→ Exercise directions: Please copy out the lines in the entries that contain "small".

→ Data extracts:
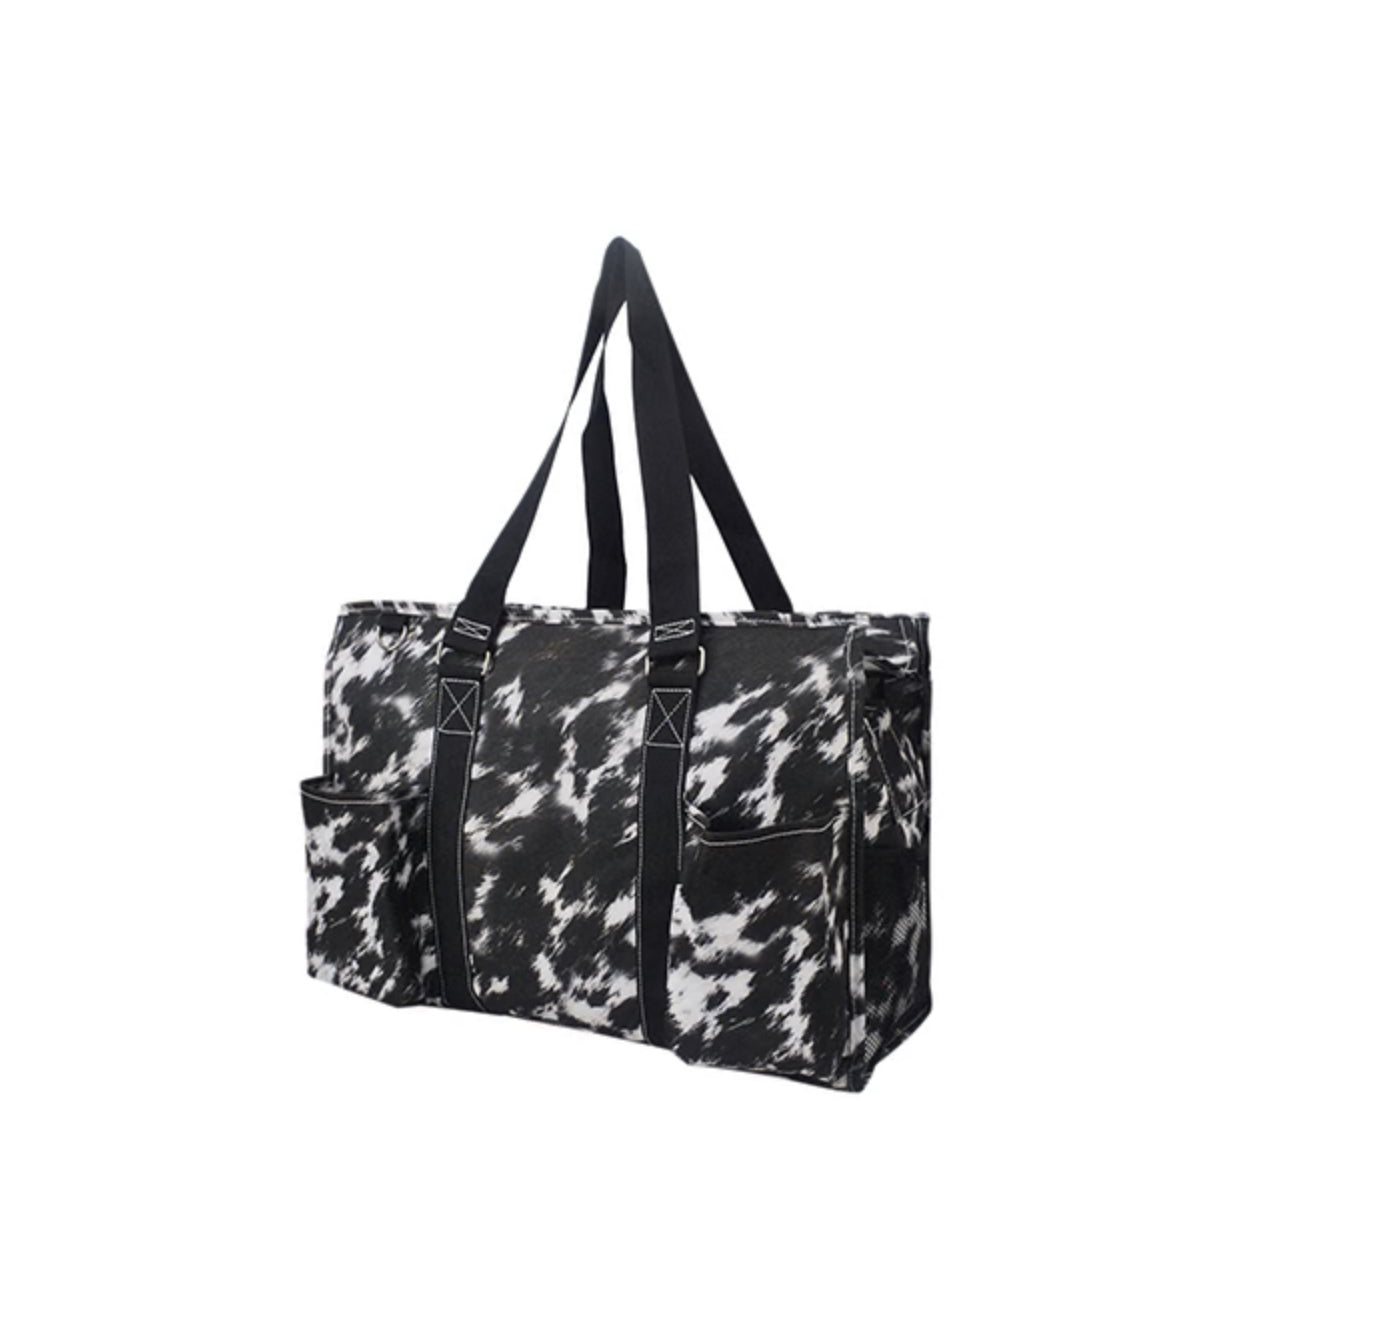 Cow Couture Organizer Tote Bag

==

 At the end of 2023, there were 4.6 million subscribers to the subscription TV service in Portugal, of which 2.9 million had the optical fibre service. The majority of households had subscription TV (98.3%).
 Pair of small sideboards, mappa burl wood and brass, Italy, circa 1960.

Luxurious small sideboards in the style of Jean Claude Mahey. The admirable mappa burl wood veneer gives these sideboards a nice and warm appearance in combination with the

→ Exercise result:
 Pair of small sideboards, mappa burl wood and brass, Italy, circa 1960.
Luxurious small sideboards in the style of Jean Claude Mahey. The admirable mappa burl wood veneer gives these sideboards a nice and warm appearance in combination with the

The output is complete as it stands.